Glencore's debt concerns were dismissed by rival brokers a day later, who tipped the shares up to a staggering 450p. That makes Glencore either a raging sell, or bargain of the century. Right now, it's unclear which it is.

Still, Glencore has been hounded by journalists demanding more detail. It's why Glencore issued a brief statement on Wednesday in an effort to address market concerns and restore some sort of order to the share price.

Remember, Glencore shares traded above 300p in May and 250p over the summer.

GLENCORE'S STATEMENT IN FULL

"Glencore has taken proactive steps to position our company to withstand current commodity market conditions.
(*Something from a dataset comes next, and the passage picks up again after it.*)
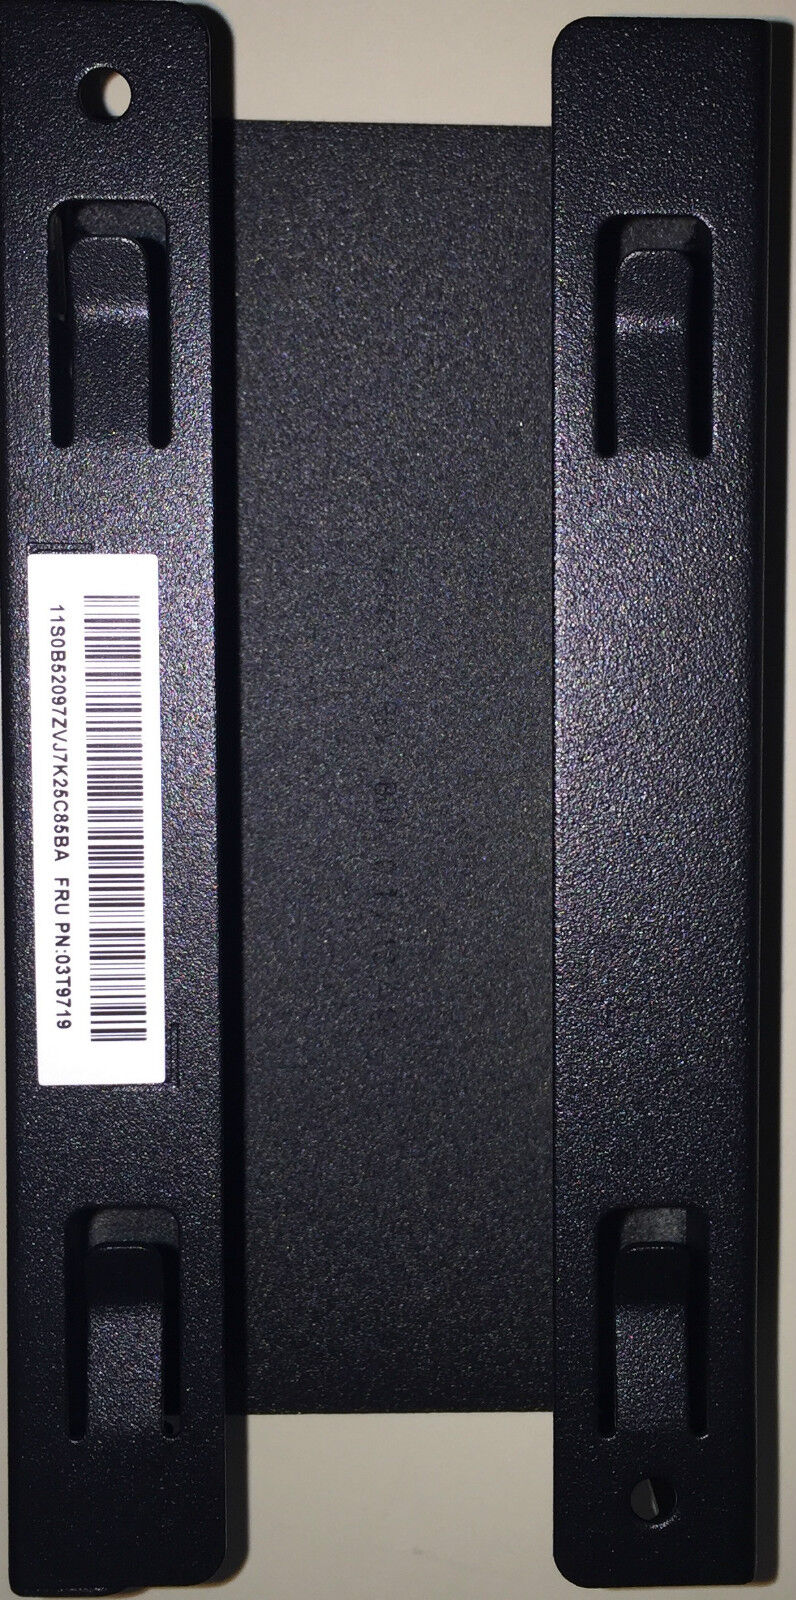 Lenovo Mounting Bracket for Power Adapter - Black New OEM Never Used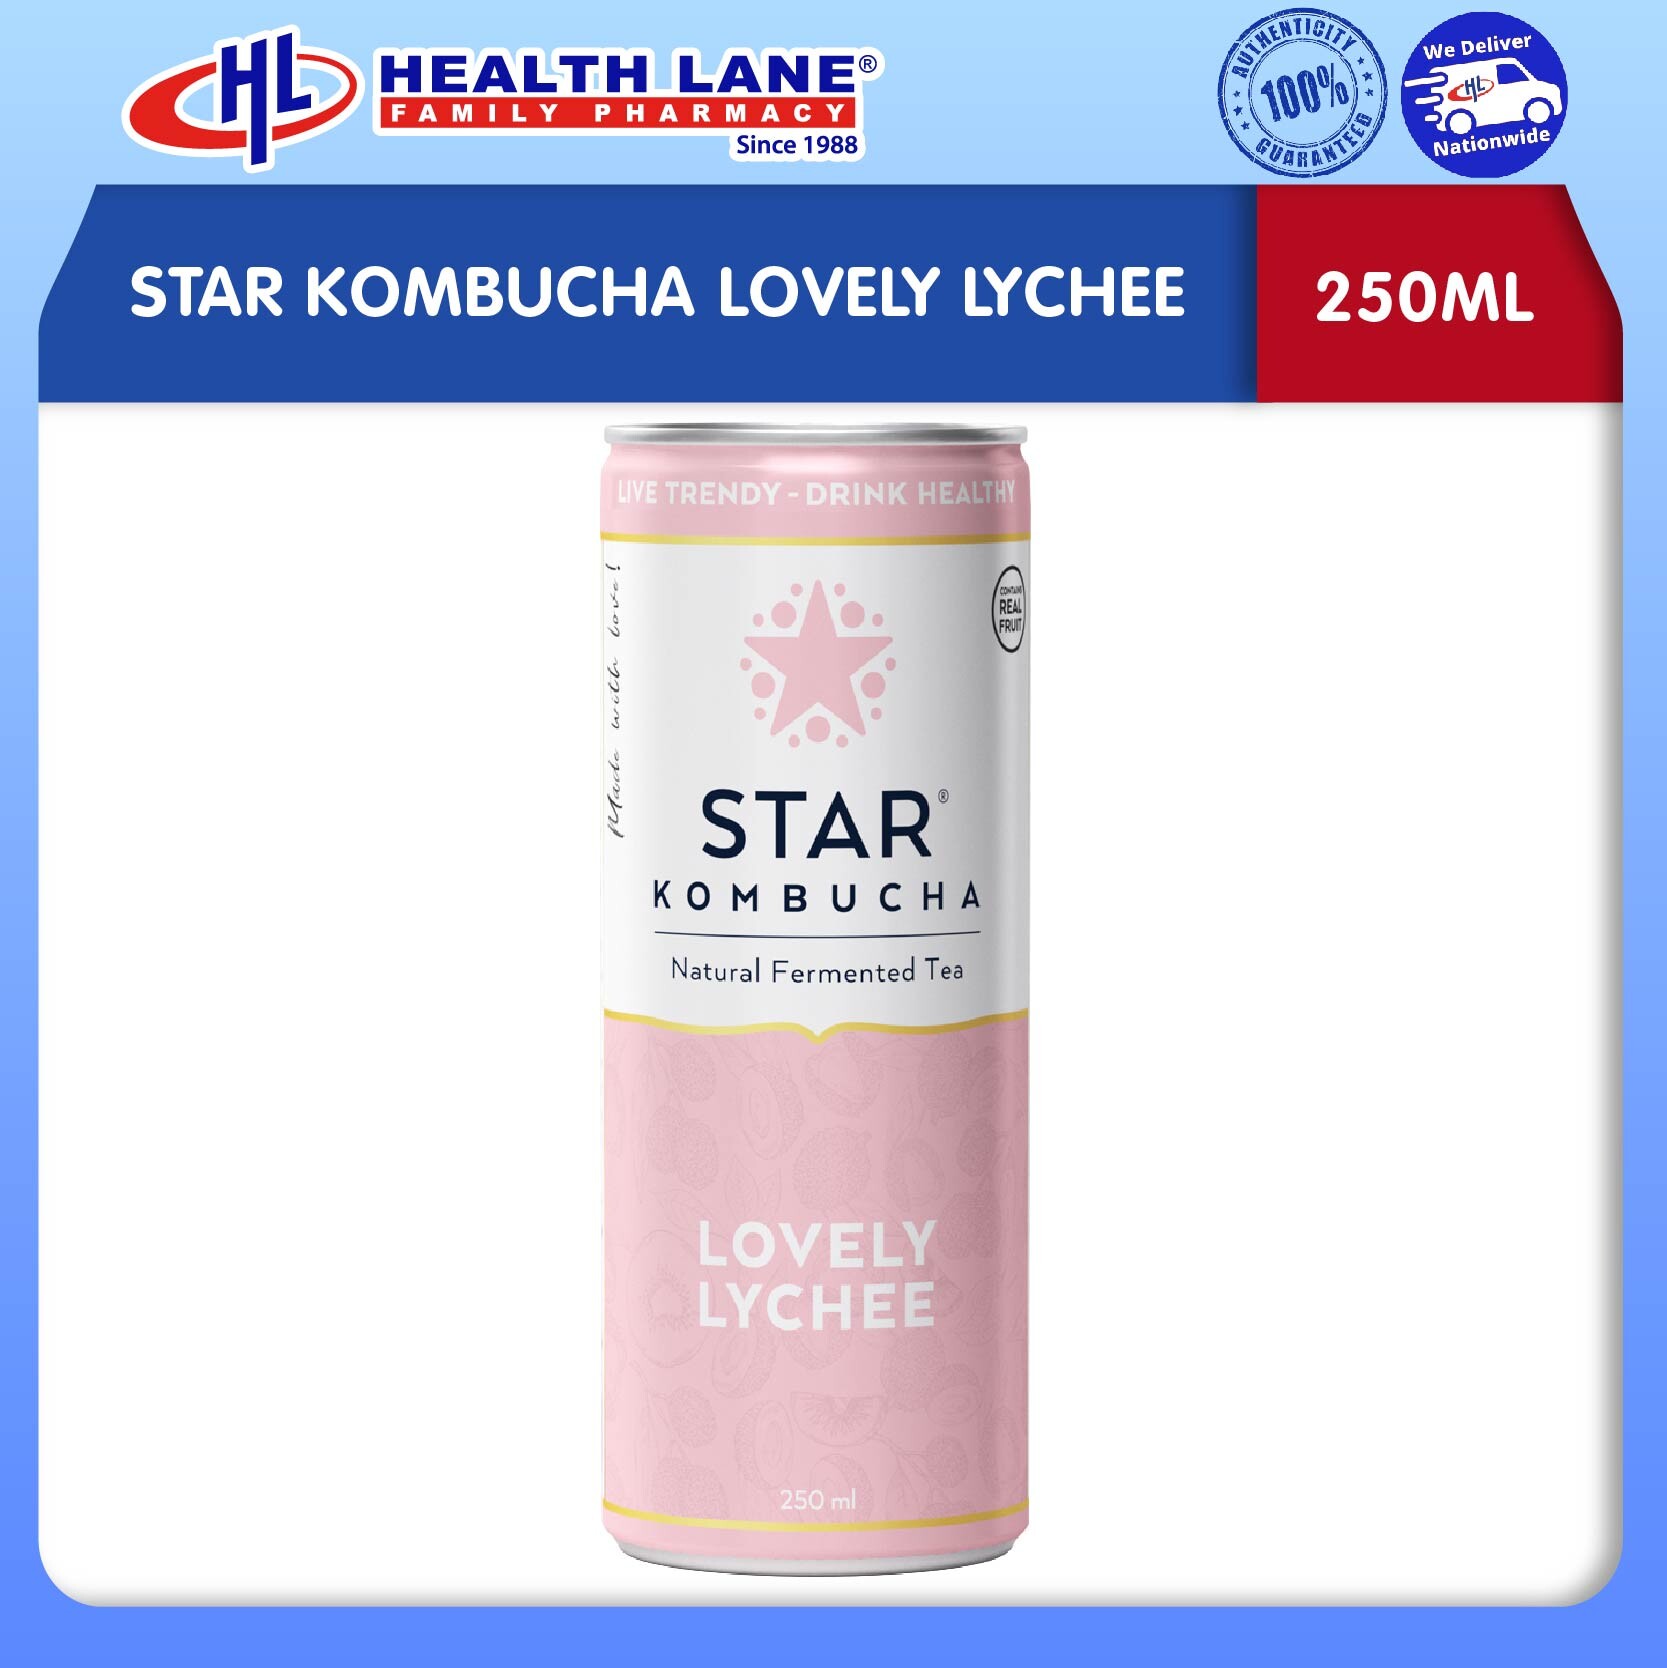 STAR KOMBUCHA LOVELY LYCHEE (250ML)

"Our business remains operationally and financially robust - we have positive cash flow, good liquidity and absolutely no solvency issues.

"We are getting on and delivering a suite of measures to reduce our debt levels by up to US$10.2 billion [£6.72 billion].

"Glencore has no debt covenants and continues to retain strong lines of credit and secure access to funding ‎thanks to long-term relationships we have with the banks.

"We remain focused on running efficient, low cost and safe operations and are confident the medium and long-term fundamentals of the commodities we produce and market remain strong into the future."

Glencore share price chart

Glencore share price chart

Whatever Glencore says, the shares are likely to remain under pressure given the enormous debt overhang - even if the firm does reduce its debt mountain by $10.2 billion it will be saddled with about $20 billion of borrowings. The company is currently worth $16.5 billion.

Commodity prices remain glued to multi-year lows and talk about some kind of recession in 2016, probably led by China, is growing louder by the day. Even if China avoids a hard landing, the likelihood that metal prices will improve markedly any time soon is slim.

And Glencore's statement hardly fills one with confidence. There are certainly no promises here, and you get the feeling they should insert 'for now' liberally in the text.

Still, ongoing speculation and debate will make Glencore shares a favourite with day traders. More risk-averse investors might prefer to watch the show from the stands. This could get ugly.